_What is expected_
For this exercise, write out only the lines of the entries below from the one with "Rize Body Pillow, Tokyo" up to and including the one with "SOPRANO, Crossback Body-Con", exactly as they are. Pictures stay out.

_Provided entries_
____________
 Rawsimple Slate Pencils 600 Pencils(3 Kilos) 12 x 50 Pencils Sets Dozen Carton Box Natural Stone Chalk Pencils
____________
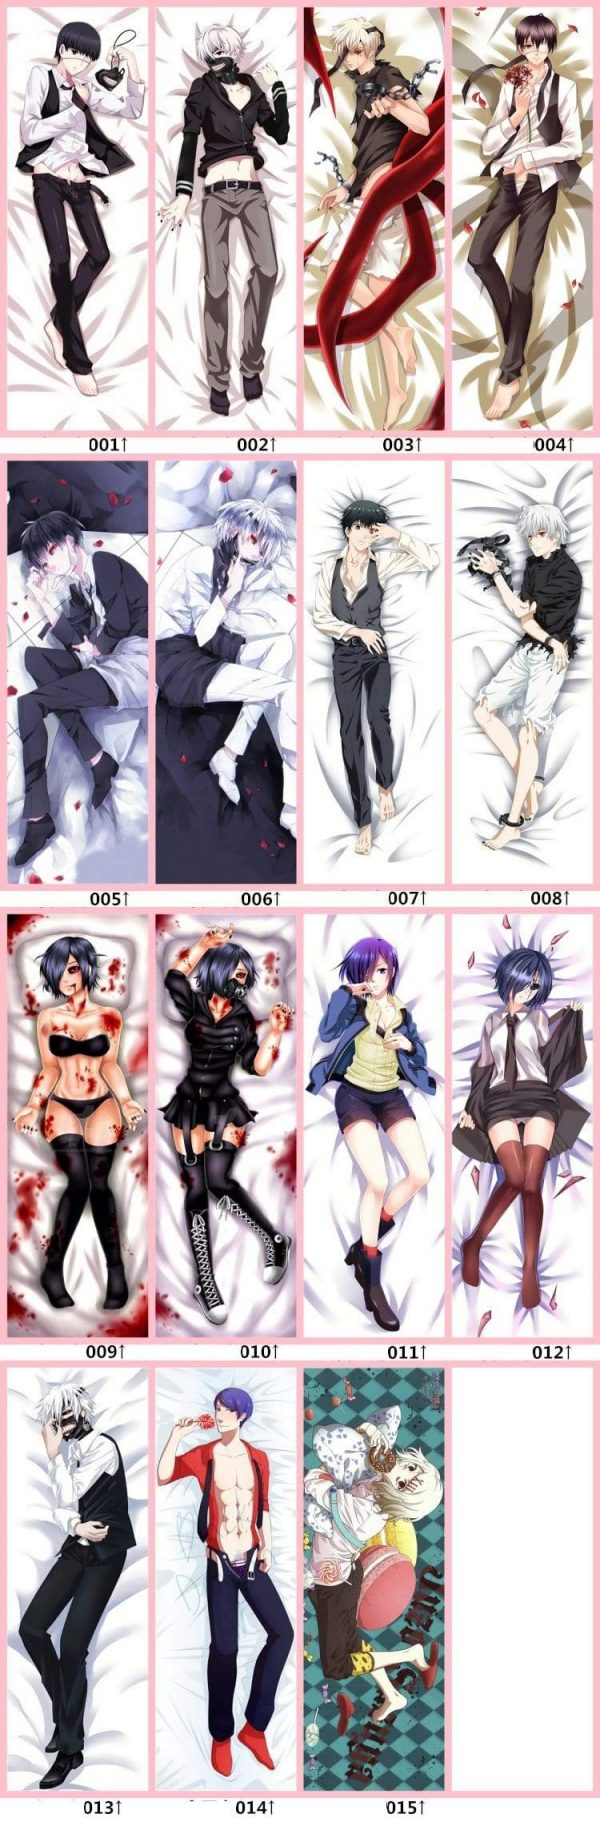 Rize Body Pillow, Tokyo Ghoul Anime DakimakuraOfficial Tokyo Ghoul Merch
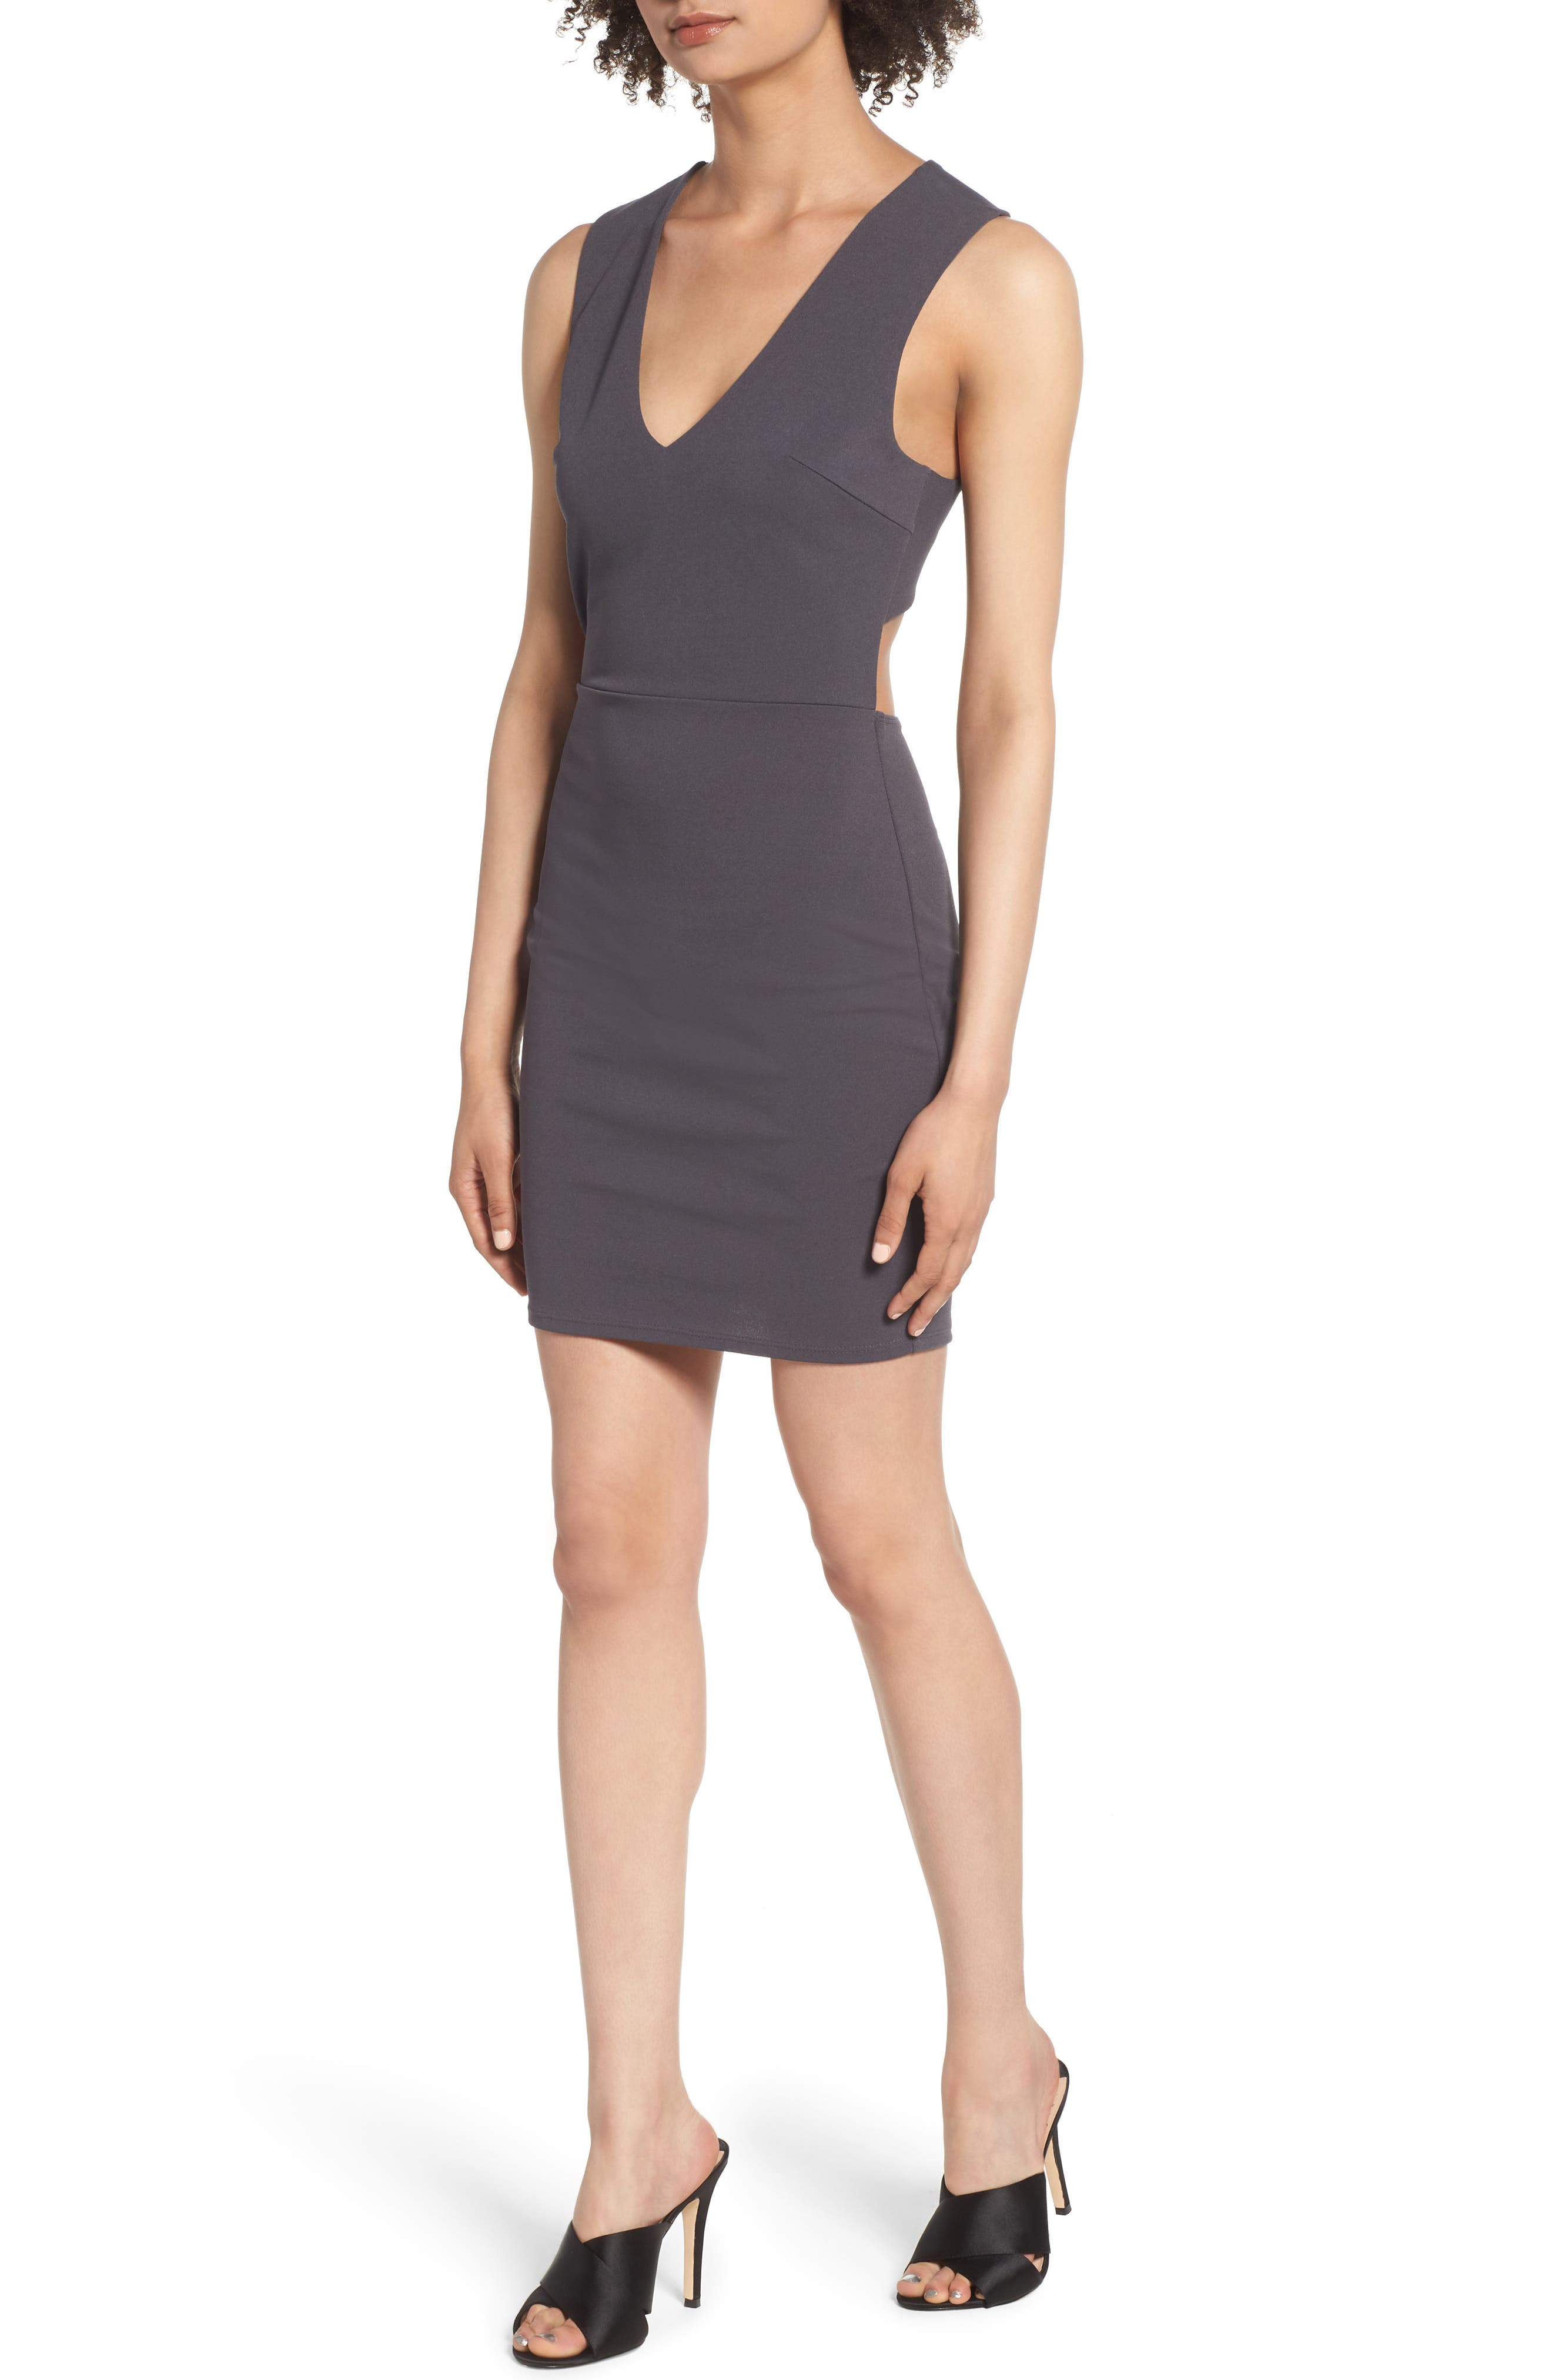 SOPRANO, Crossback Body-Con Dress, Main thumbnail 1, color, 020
____________
_Solution for this task_
 Rize Body Pillow, Tokyo Ghoul Anime DakimakuraOfficial Tokyo Ghoul Merch
 SOPRANO, Crossback Body-Con Dress, Main thumbnail 1, color, 020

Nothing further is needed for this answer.